According to economist and Marikina (2nd District) Rep. Stella Luz Quimbo, government needs to spend even in the midst of a crisis in order to boost confidence levels of the public, especially businesses.

The Goal Towards Economic Recovery amid COVID-19

“In a bad economic crisis, confidence level is very low—confidence of consumers, confidence of your workers. Everyone’s afraid. Fear and anxiety have set in. Even business owners, they don’t want to invest. In fact, they’d rather close shop. So this is a situation where government must step in. If the government is not spending enough, then our confidence will be deflated,” Rep. Quimbo said as a guest in an episode of Market Sense, a monthly webinar series organized by the BDO Trust Group that combines the latest economic and market developments with seasoned expert advice to help investors take control of their investments and grow their wealth.

 COVID-19 pandemic

“We need government to spend because there’s a lot of market failures arising from the pandemic,” she added.

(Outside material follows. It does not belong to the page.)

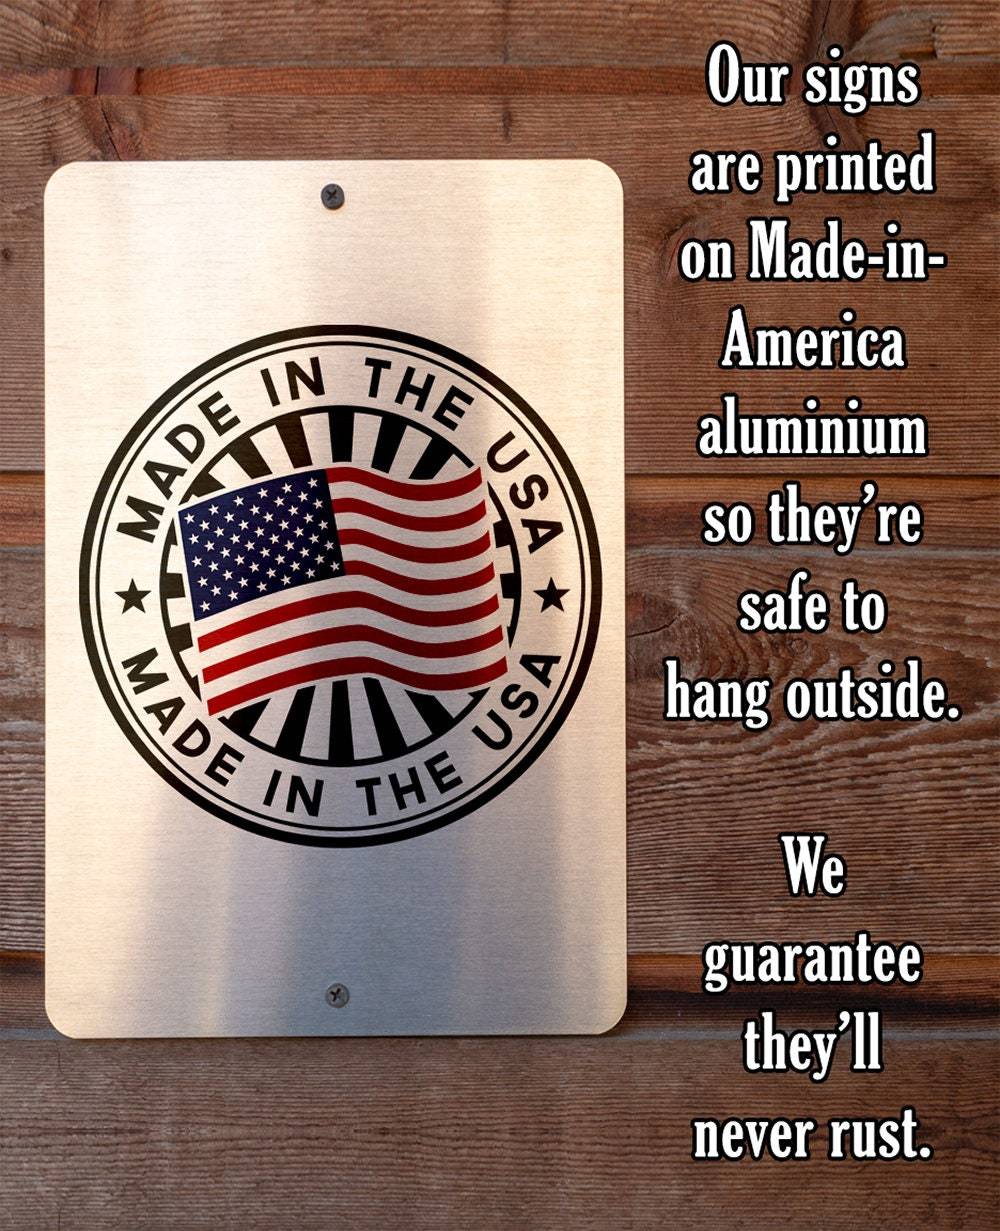 Personalized - American Made From The Finest Italian Parts - Metal Sign | Lone Star Art.

Rep. Quimbo is one of the principal authors of House Bill No. 6815, or the Accelerated Recovery and Investments Stimulus for the Economy of the Philippines (ARISE Philippines) bill which was already approved by the Lower House. The bill calls for the release of P1.3 trillion in economic stimulus package to jumpstart the economy’s recovery from the pandemic in the next four years. It aims to offer various forms of assistance to micro, small and medium enterprises and other sectors adversely affected by COVID-19, and targets to generate around 1.5 million jobs through various infrastructure projects and financial assistance to small businesses from 2020 to 2023.

Projections in 2020 and Hopes for Recovery in 2021

Meanwhile, BDO Trust Group is looking at a gross domestic product (GDP) contraction of 9.6% in the 3rd quarter, and a 6% contraction in the 4th quarter to bring its full year 2020 GDP projection to negative 8.3%.

Nonetheless, to echo Rep Quimbo’s call for more government spending, BDO Chief Investment Officer Frederico “Fritz” Ocampo said the country is poised for a recovery of 6.6% in 2021, as more government spending enters the economy.

“It would allow the economy to recover, and that would be the 2021 story,” he said. “We’re facing a recession, which could be the deepest in 35 years. Therefore, the growth drivers were hurt a bit, especially consumer demand, which is 72% of the economy, as well as investments from large local corporates and SMEs. But as the economy slowly opens up once again, you’ll see those drivers bouncing back.”

He expressed belief that the Philippines can stand out once again in the global stage, anchored on the country’s young population.

“The Philippines had 21 consecutive years of economic expansion, surpassed only by Australia. That is a testament to the resiliency and strength of the Philippine economy. While the growth drivers were hurt during the pandemic, the strengths of the Philippine economy remained intact. For instance, our young population is still there,” Ocampo stressed. “In a pandemic, you could see the value of that young population in terms of adaptability to the digital economy, in terms of proficiency in the use of the internet. Later on, these young population, many of them would be creating their own companies and become entrepreneurs. Many jobs were lost during this pandemic. To cope, our young population would be creating their own companies.”